|Year : 2017 | Volume
| Issue : 2 | Page : 305-310
Molecular characterisation of uropathogenic Escherichia coli isolates at a tertiary care hospital in South India
Arindam Chakraborty1, Prabha Adhikari2, Shalini Shenoy3, Vishwas Saralaya3
1 Department of Microbiology, Motilal Nehru Medical College, Allahabad, Uttar Pradesh, India
2 Department of Medicine, Kasturba Medical College, Manipal University, Mangalore, Karnataka, India
3 Department of Microbiology, Kasturba Medical College, Manipal University, Mangalore, Karnataka, India
|Date of Web Publication||5-Jul-2017|
Motilal Nehru Medical College, Allahabad, Uttar Pradesh
Source of Support: None, Conflict of Interest: None
Uropathogenic Escherichia coli (UPEC) express a multitude of virulence factors (VFs) to break the inertia of the mucosal barrier of the urinary tract.
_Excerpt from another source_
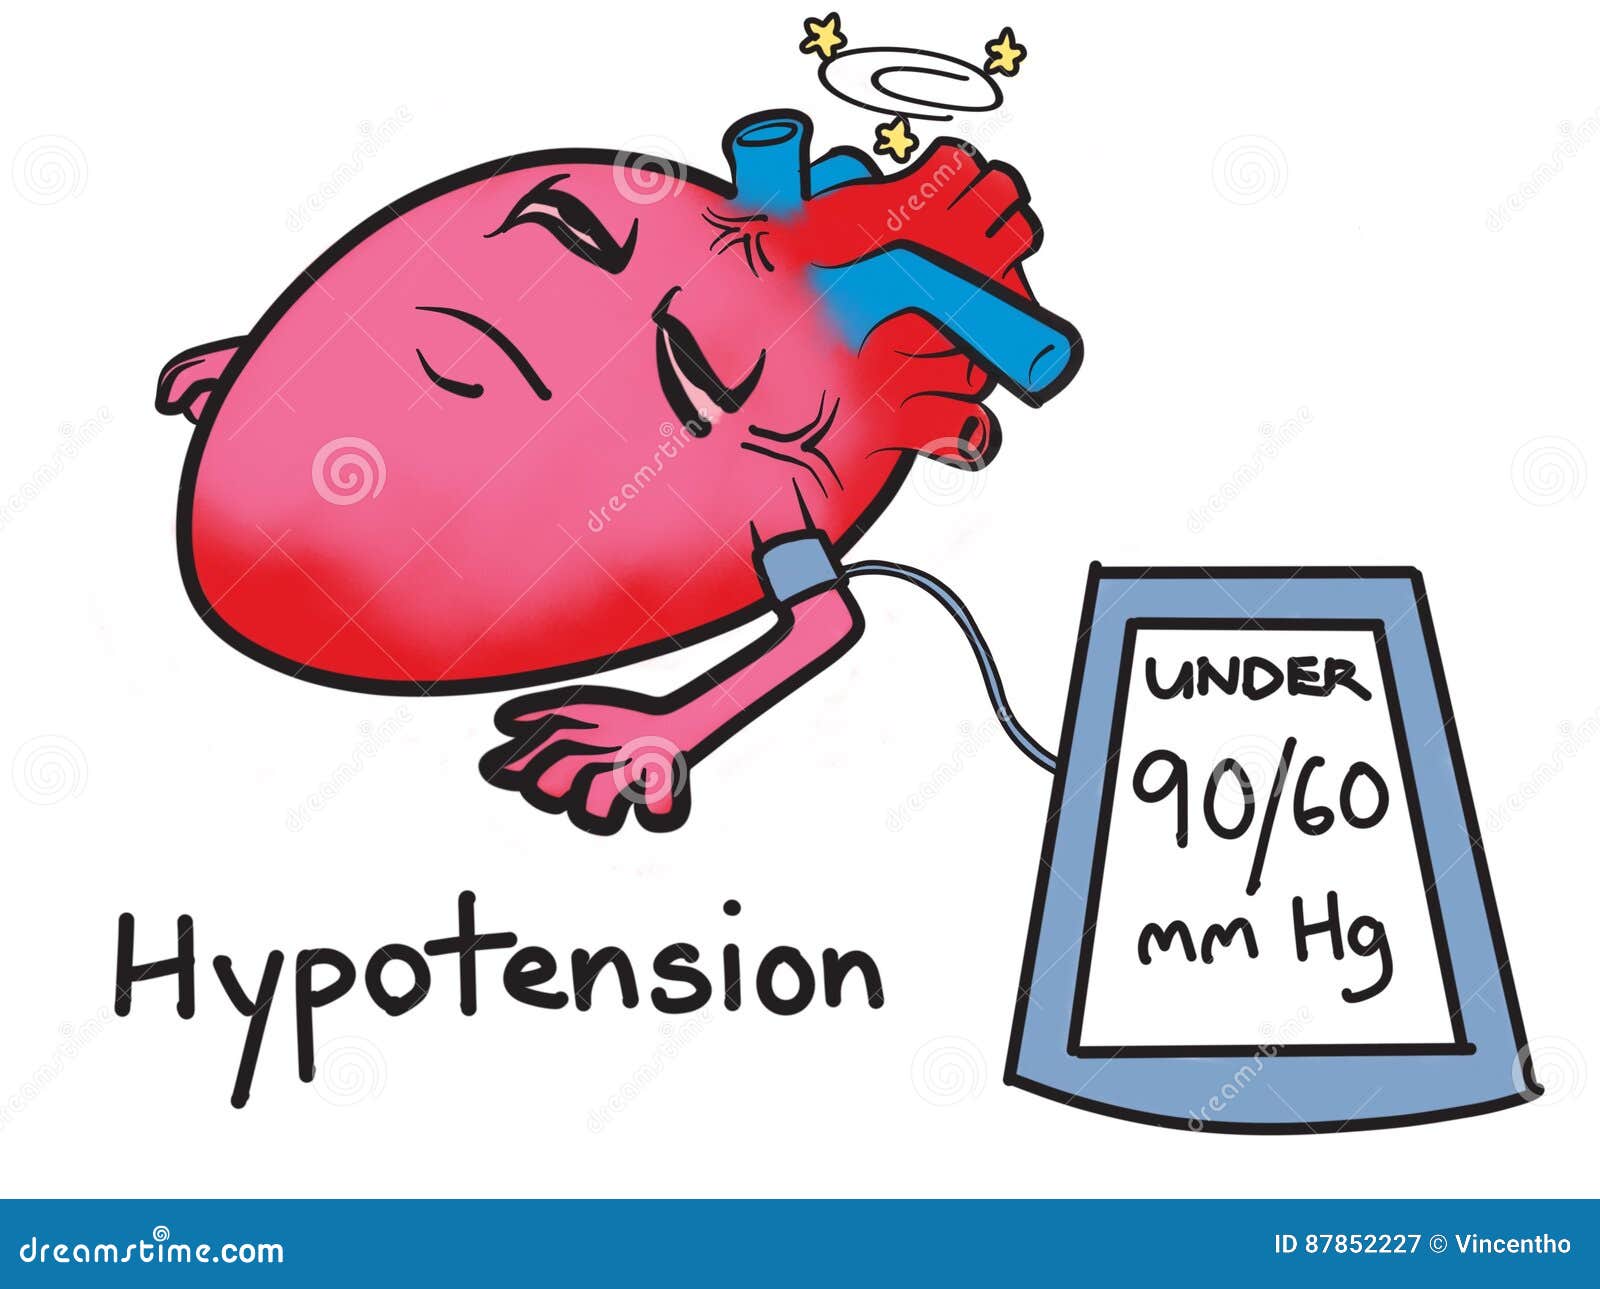 Kết quả hình ảnh cho hypotension

The aim of the present study was undertaken to characterised the UPEC strains and to correlate carriage of specific virulence markers with different phylogroups and also to correlate these findings with clinical outcome of patients. A total of 156 non-repeated, clinically significant UPEC isolates were studied. Virulent genes were determined by two set of multiplex polymerase chain reaction (PCR). Phylogenetic analysis was performed by triplex PCR methods. Antibiograms and patient's clinical outcomes were collected in a structured pro forma. Of the 156 patients infected by UPEC strains with significant bacterial counts the most common predisposing factors were diabetes (45.5%) followed by carcinoma (7%). On analysis of the VF genes of the isolates, a majority of strains (140; 90%) were possessing the fimH gene followed by iutA (98; 63%), papC (76; 49%), cnf1 (46; 29.5%), hlyA (45; 29%) and neuC (8; 5%), respectively. On phylogenetic analysis, 27 (17%) isolates were belong to phylogroup A, 16 (10%) strains to Group B1, 59 (38%) were from Group B2 and 54 (35%) were from Group D. High prevalence of antibiotic resistance was observed among the isolates. The incidence of papC, cnf1 and hlyA was significantly higher (P < 0.05) among the isolates from relapse patients. Our findings indicate that virulent as well as commensal strains are capable of causing urinary tract infection. Virulence genes as well as patients-related factors are equally responsible for the development of infections and also that virulence genes may help such isolates to persist even with appropriate chemotherapy and be responsible for recurrent infections.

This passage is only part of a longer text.